When I moved to NYC, I was at Juilliard, and "sought" out, literally, jamming with singer songwriters and bands at the clubs, when I wasn't traveling to perform concertos and recitals. I loved to jam. I busked. I would spontaneously join others that busked. For me, it was thrilling. Yes, thrilling. It was an outlet. I wrote songs. I loved to go to this world within me that only I knew of. I loved tapping into the side that was always a part of "me" but wasn't brave enough to share with just anyone. Like anyone else, all I wanted was to be accepted, after all. I didn't want to disturb. But, at times, I would have the urge to shock only because I was screaming to be heard and to be understood. I've had the great privilege to work with and perform with inspiring, gifted, and diverse people. In a strange way, I discovered that certain elements of shared passion, style, sound, and thought had brought me together with particular artists in truly genuine ways. I had the privilege to work with, of all wonders of this world, Lady Gaga, whom herself, so embraced me from the moment I met her. I noticed things we have in common in an artsy way. It's not easy to articulate and it's not obvious why. I was also at the time (and previously), aware and current with pop culture, again, thanks in part to my cousins, general upbringing, and even my mother. Yep, she is fun like that. In the end, a lot of what I experienced in the journey made sense in the big scope of things. I also have the privilege of touring with film composer Ryuichi Sakamoto. And yes… I, judy, a former closeted lover of soundtracks and all things that inspired the perfect picture to our emotions, imagination idealism, romanticism, and vulnerability, was in total relief and glee when I discovered my "other musical half" this side of Juillliard. He was and is a violinist (and a pretty spectacular one at it) that I was formally part of an ensemble with. Basking in shameless indulgence of soundtracks, Enigma, and many an endearing throwbacks that sweetly tickled our earbuds whilst on our tour bus.

As I continued on in this adventure, not knowing what was to come, in embracing, separating, and realizing, through it all, I've come to a place of renewal, clarity, and direction of what was next. I went over hurdles and encountered 'real' life. What I experienced on the road, in the journey, was real as real could get. I was smack center and hit hard at the core with the fragility of the human heart and the battles that are fought every moment of each day. I knew that being a musician was merely a vessel to connecting with each other. It was more powerful and it was above and beyond me.

I wanted to do what I've been contemplating for much time. I wanted to embrace and allow myself to be vulnerable. But it had to take its natural course like anything in life. I can't say there ever really is a time when one has "arrived" or is "ready" but to me, it's the ability to recognize the right time in boldness and firmness and embracing challenge as well as the desire and obligation to give something the fullest value it deserves all while keeping the heart soft and vulnerable. I was created to create. After all, It's what I knew and was embracing as a child. In writing and recording my first full length album, I learned…and that is all I needed.

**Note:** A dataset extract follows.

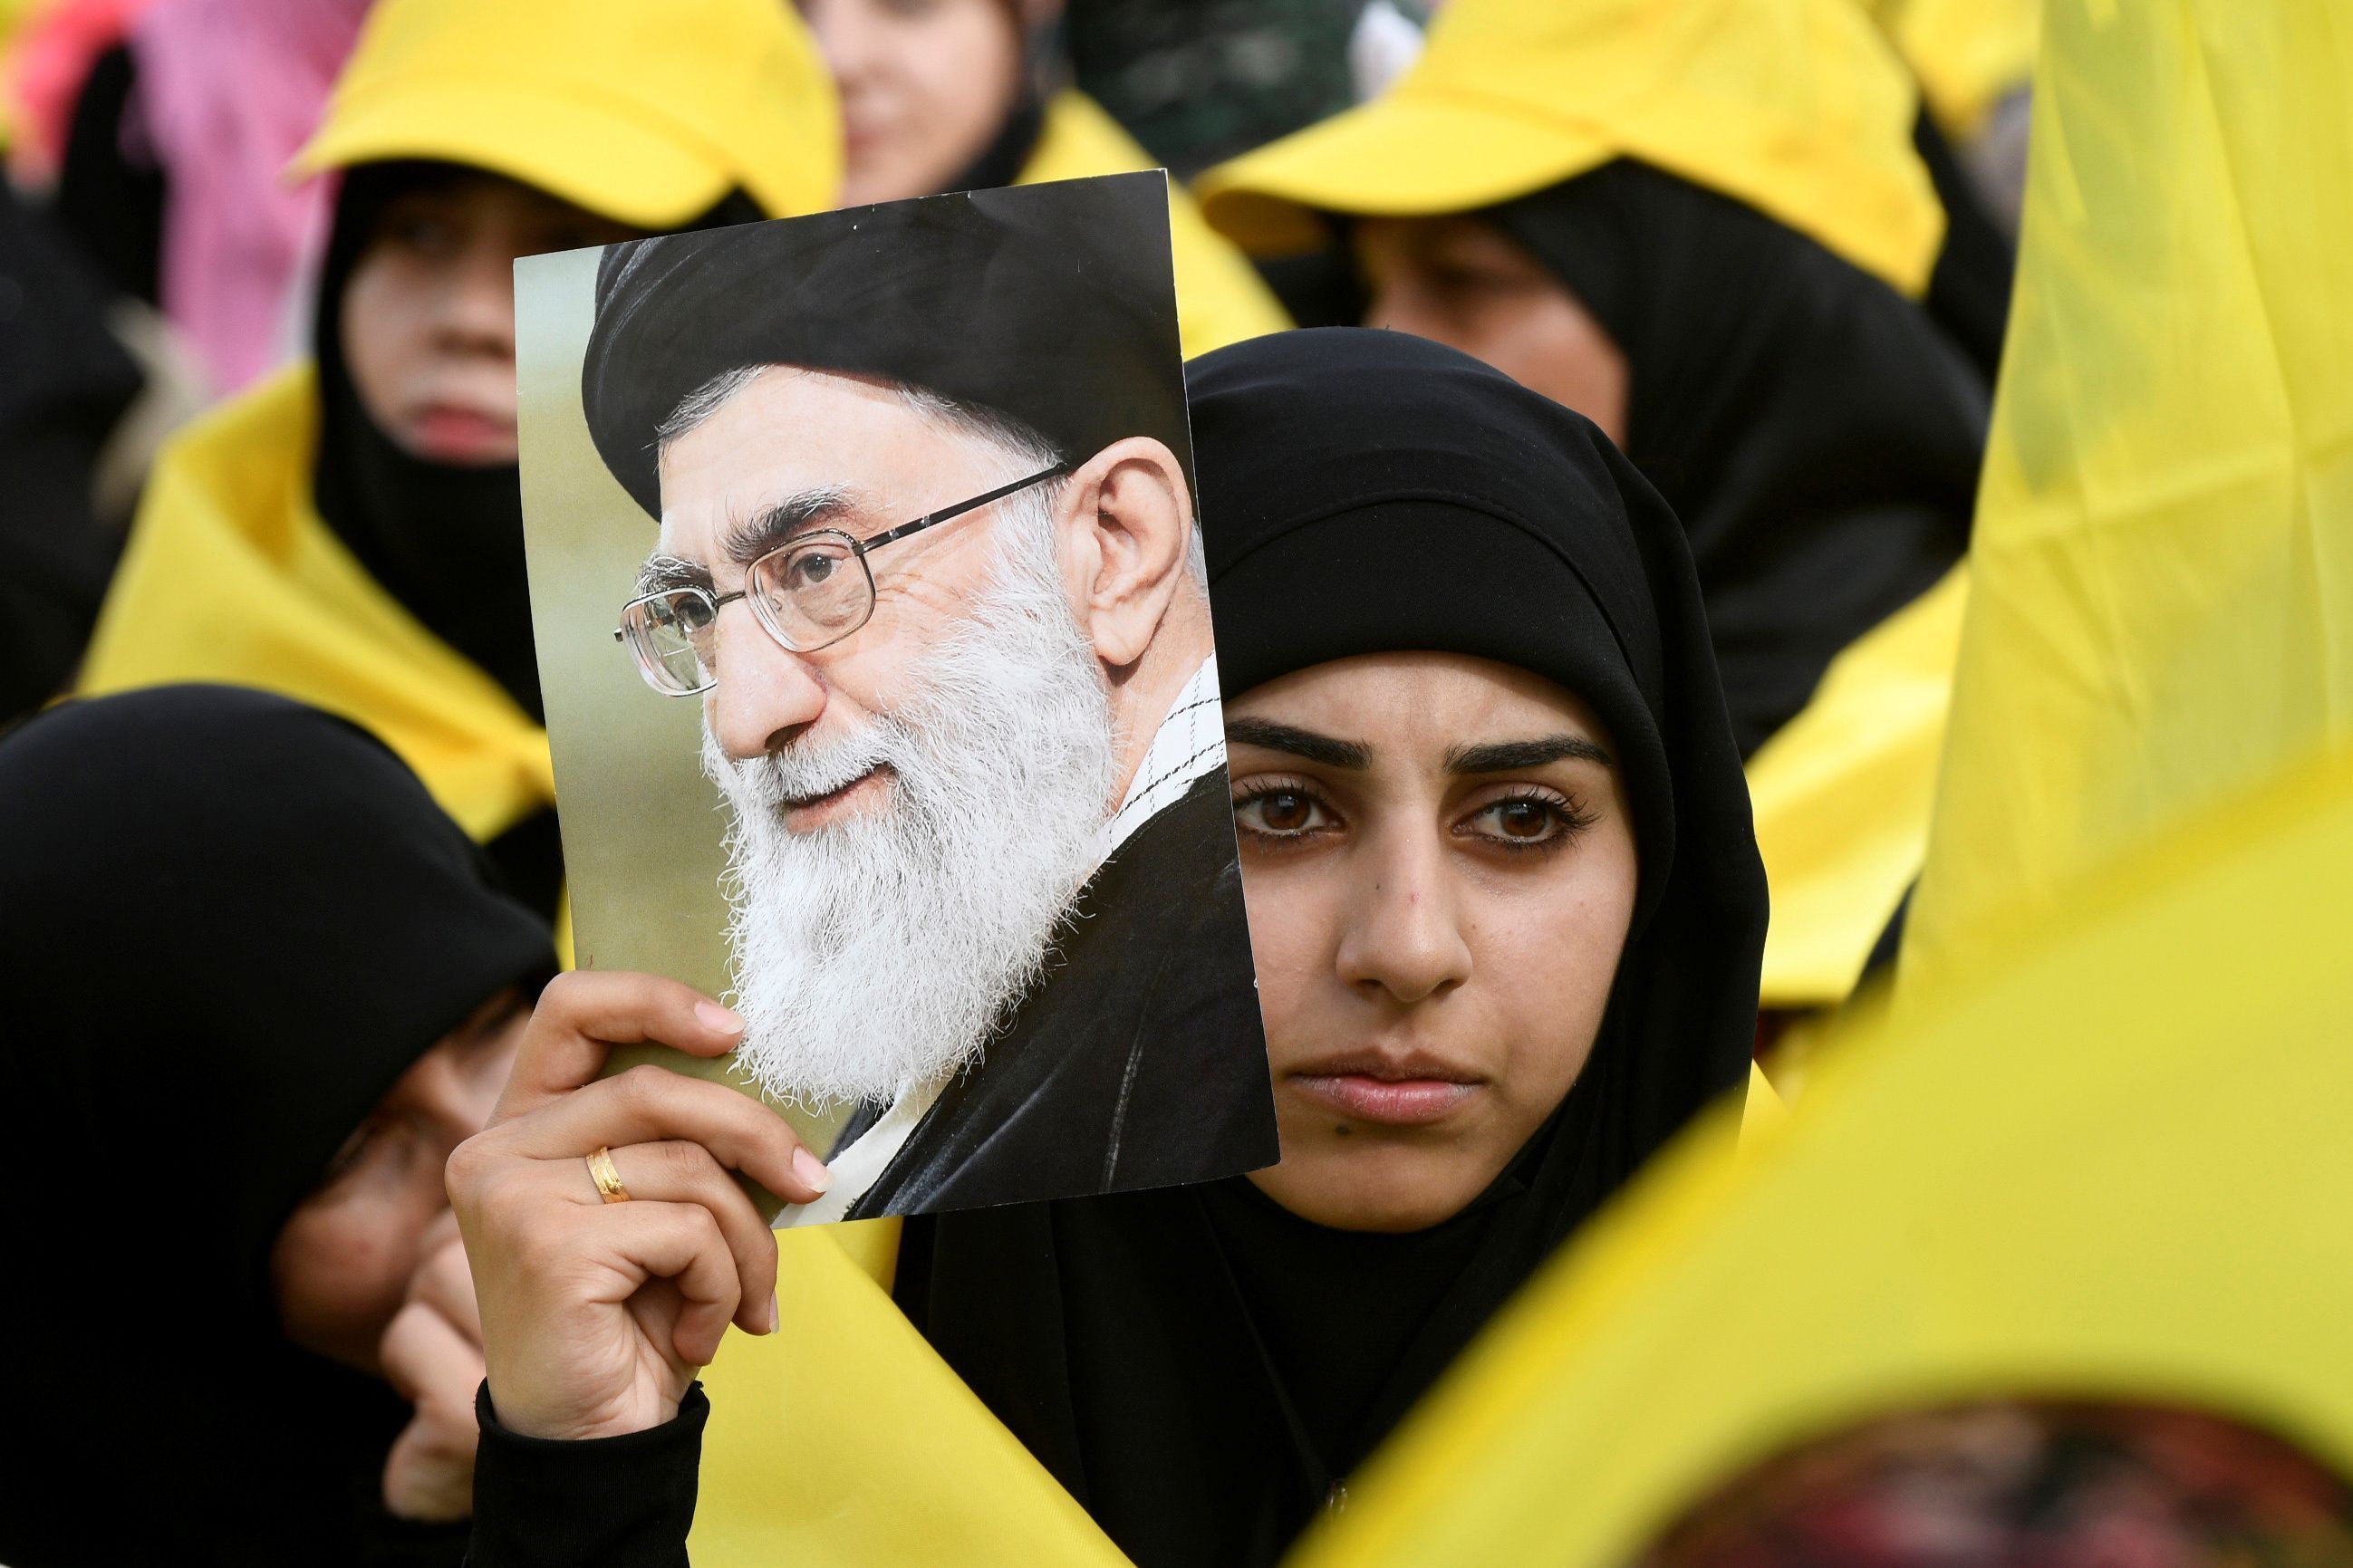 2017-05-25T170532Z_406012479_RC1857A890A0_RTRMADP_3_MIDEAST-CRISIS-HEZBOLLAH

It is about the journey and to see things from many perspectives. There is no box. No labels. No rules.

I love music. I love art and everything in between. To me, everything that I love and has influenced me thus far, takes me further for one purpose and that is completion. It would not be "me" to see one colour or side of a rainbow. I yearn to see it from all angles and to embrace all it can achieve to illuminate. I have gone through the storms to see it burn so bright. I thirst to reach all facets of this life, within myself and what is all around. To discover the mysteries that surround all of us; the seen and unseen things. To allow ourselves to let go and be vulnerable is to allow truth to come forth. Art is a reflection of all that our hearts, minds, spirits, and souls yearn for and come to light.